Covering Immigration: Popular Images and the Politics of the Nation

By Leo R. Chavez | Go to book overview

CHAPTER 3
Toward a Framework
for Reading Magazine Covers

History decomposes into pictures, not stories.

Walter Benjamin, Gesammelte Schriften

To read (to listen to) a narrative is not merely to move from one word to the next, it is also to move from one level to the next.

Roland Barthes, Image—Music—Text

Chapter 2 initiated a reading of the magazine covers, the images of which include a great deal of subtext. Unpacking the underlying meanings involves clarifying the relations between the images and society, and it is therefore necessary to clarify a framework for reading these images. Such a framework is essential for laying out the theoretical assumptions that guide this reading and from which the basic research questions emerge. In addition, it can suggest a method for undertaking such a reading and a structure for the chapters and analysis that follow.

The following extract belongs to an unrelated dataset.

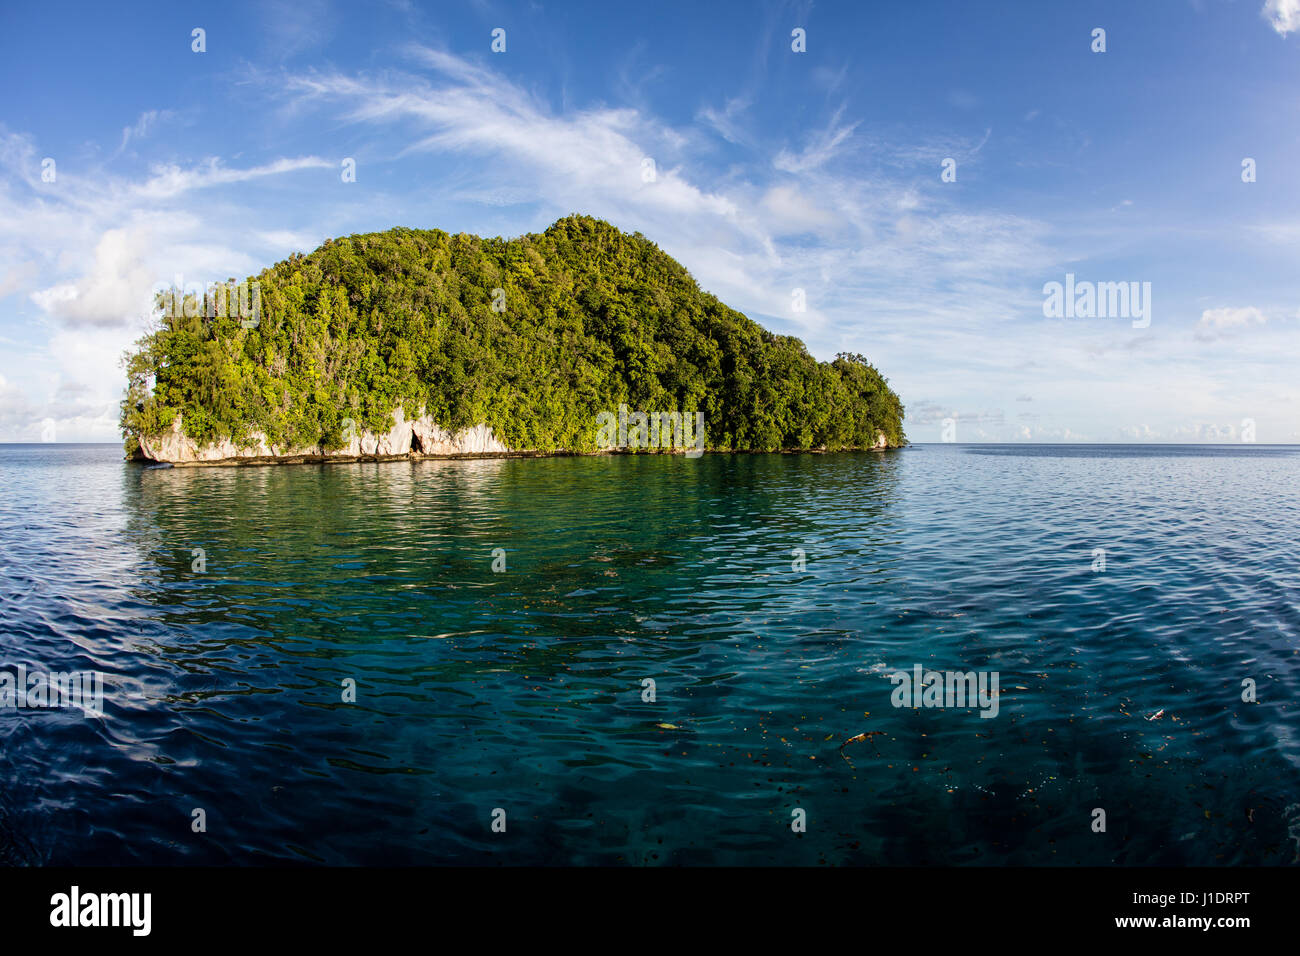 Ruhige Gewässern umgeben eine Kalksteininsel in die Republik Palau. Dieses tropische Land ist ein beliebtes Ziel für Taucher und Schnorchler. Stockfoto

IMAGES AND THE CONSTRUCTION OF MEANING

Moving forward in the development of a framework for reading magazine covers requires an elaboration of the elementary relation between symbols and meaning. Humans are culture-bearing animals, and as such we have the ability to communicate our ideas and the material world through symbols. We produce meaning through representation. We use symbols to communicate, or represent, what we want to say about our feelings, beliefs, concepts, plans, etc. The symbols we use are “signs, ” which “stand for or represent our concepts, ideas and feelings in such a way as to enable others to 'read,' decode or interpret their meaning in roughly the same way that we do” (Hall 1997b, 5).